To meet growing customer demand in China, Microsoft will establish a new datacenter region in northern China. The new region will enable more customers to innovate and collaborate with the Microsoft Cloud, including Microsoft Azure, Office 365, Dynamics 365 and Power BI.

Azure Resource Mover now generally available

Azure Resource Mover, which provides portability between Azure regions is now generally available. Azure Resource Mover allows new customers to create applications in existing regions and migrate them upon new region launch or move into regions with availability zones (AZs) if not planned for their region. Azure Resource Mover moves multiple resources among Azure regions and performs dependency analysis for the workloads to ensure a successful move.

On-demand capacity reservations for Azure Virtual Machines will be
available (preview in April)

On-demand capacity reservations for Azure Virtual Machines enable customers to access virtual machines (VMs) in advance with service-level agreement (SLA) guarantees. This is particularly important to organizations that want to ensure high levels of availability when running business-critical applications on Azure.

Azure Virtual Machine Scale Sets flexible orchestration mode (preview).

Azure Virtual Machine Scale Sets help customers simplify the deployment, management and scalability of their applications while increasing high availability. Customers may now change VM sizes without redeploying their scale set, resulting in greater operational agility. Customers will also be able to mix Spot Virtual Machines and pay-as-yougo VMs within the same scale set to optimize costs.

New Mv2 Azure Virtual Machines for memory intensive workloads (preview)

These offerings expand the range of workloads that customers can run in Azure while addressing specific organizational compliance requirements and can give a 20% increase in CPU performance. Customers will be able to deploy the same VMs to Azure Dedicated Hosts.

Automatic VM guest patching for Linux VMs (preview)

Automatic VM guest patching for virtual machines helps ease update management by safely and automatically patching virtual machines to maintain security compliance. With automatic VM guest patching enabled, the VM is assessed periodically to determine the applicable patches for that VM. Updates classified as ‘Security’ or ‘Critical’ are automatically downloaded and applied on the VM during off-peak hours. Patch orchestration is managed by Azure and patches are applied following availability-first principles.

Improve Azure Spot Virtual Machines runtime and simulate evictions with new features (preview)

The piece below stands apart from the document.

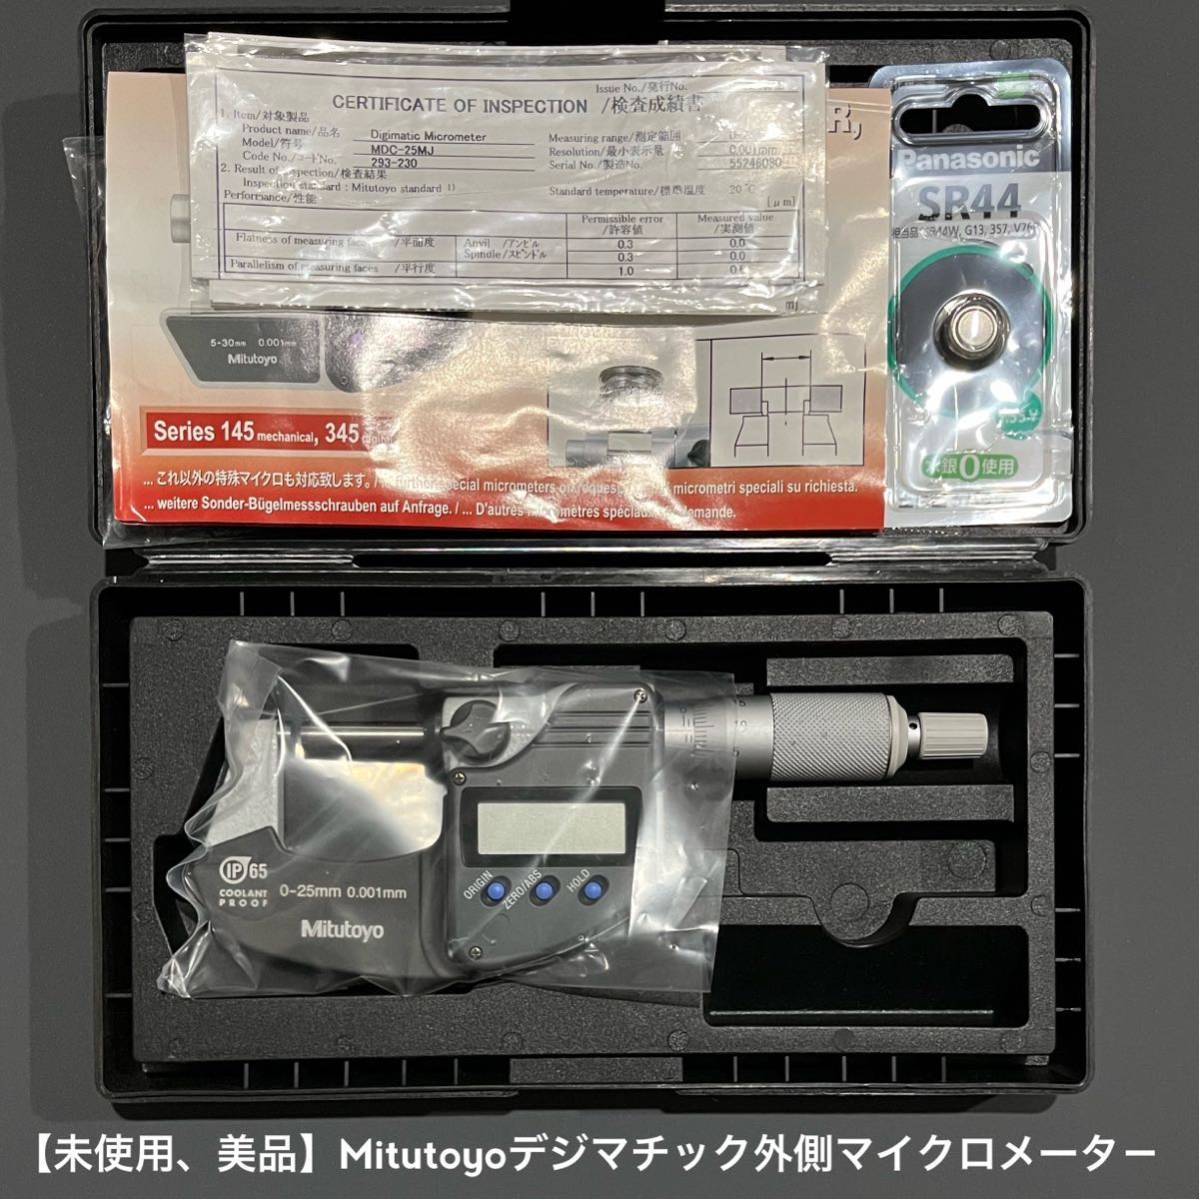 【美品】Mitutoyo ミツトヨ デジマチック外側マイクロメータ－0〜25mm MDC-25MJ 293-230未使用
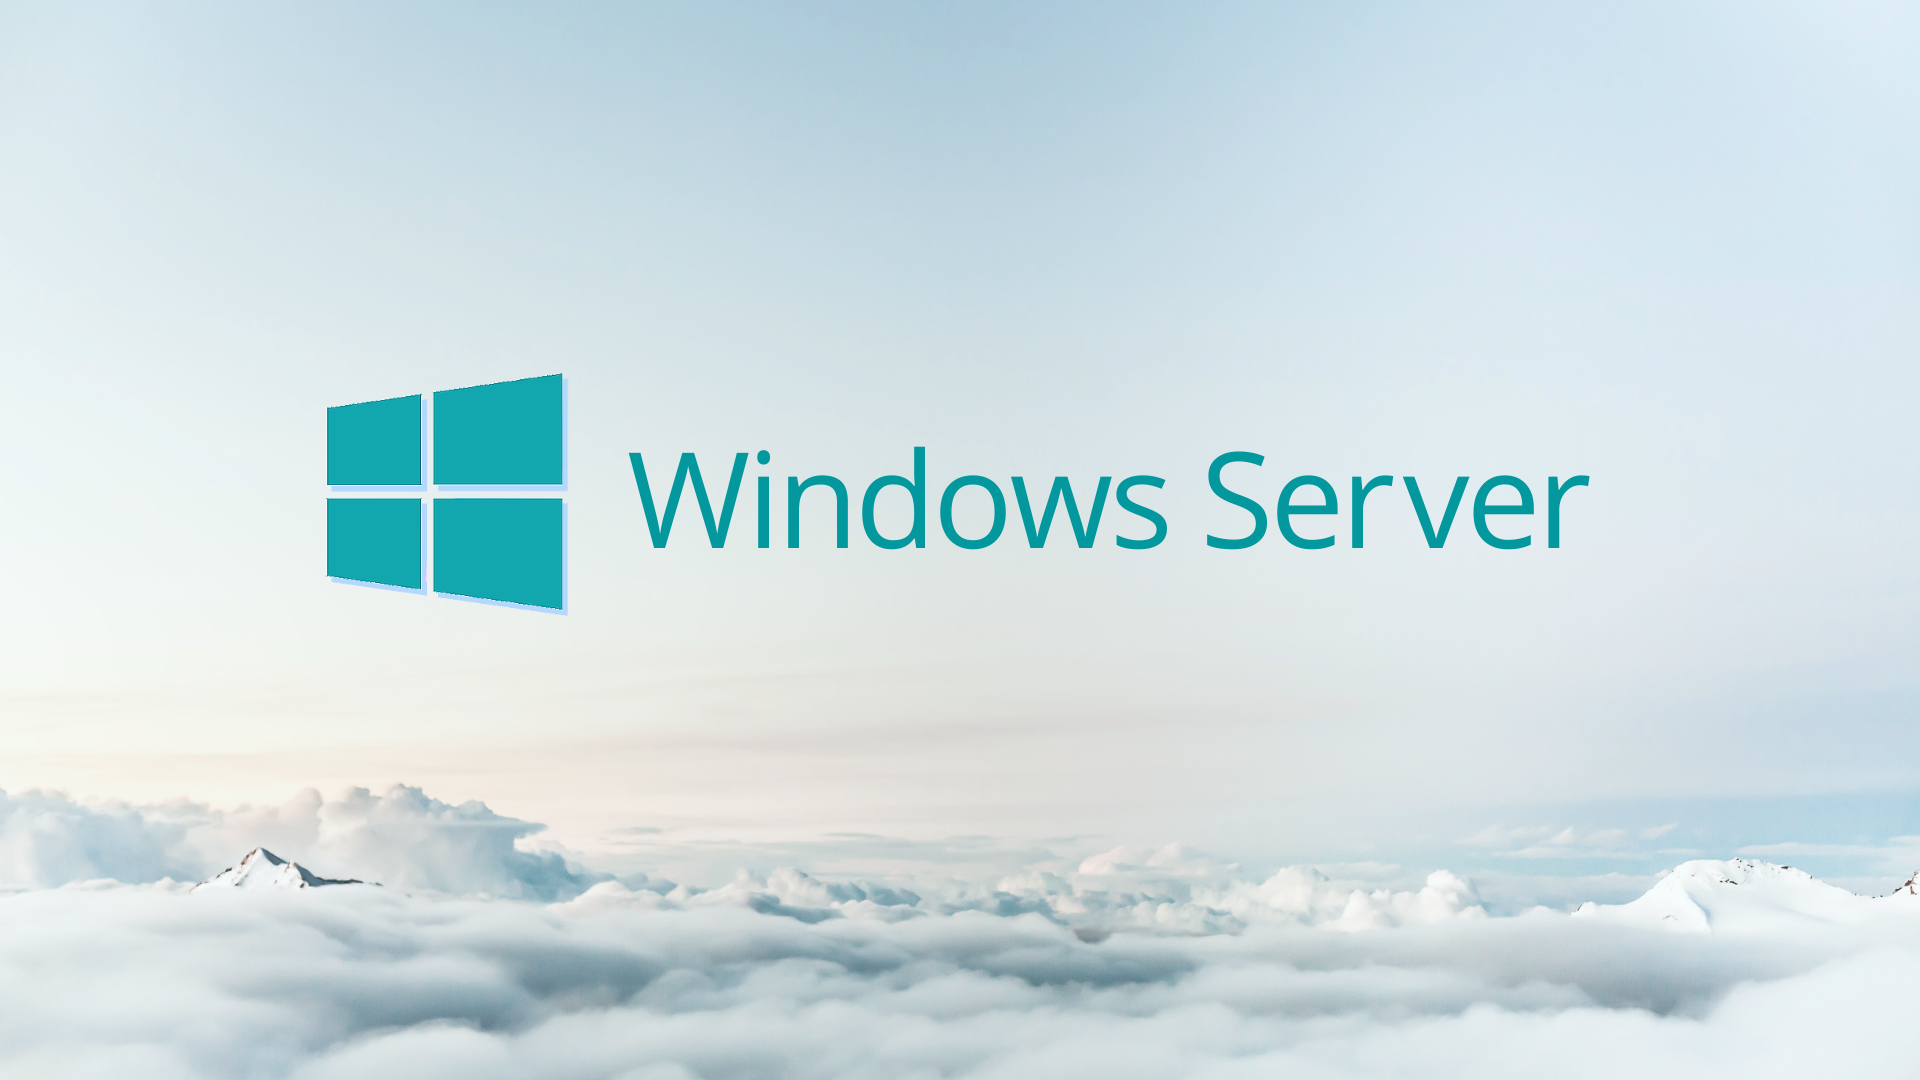 Windows Server больше не будет обновляться дважды в год, подтверждает Microsoft RU Atsit

With Azure Spot Virtual Machines (Spot VMs), IT organizations can acquire scalable compute capacity at deep discounts for interruptible workloads. New ‘try & restore’ capabilities can now improve the overall runtime of workloads running on Spot virtual machines if they get evicted due to capacity constraints. This new capability applies when a Spot VM is part of a virtual machine scale set. Customers can also use recently added REST APIs to simulate evictions and test the behavior of their workload making sure it can tolerate interruptions when deployed on Spot VMs.

Azure trusted launch for Virtual Machines (preview)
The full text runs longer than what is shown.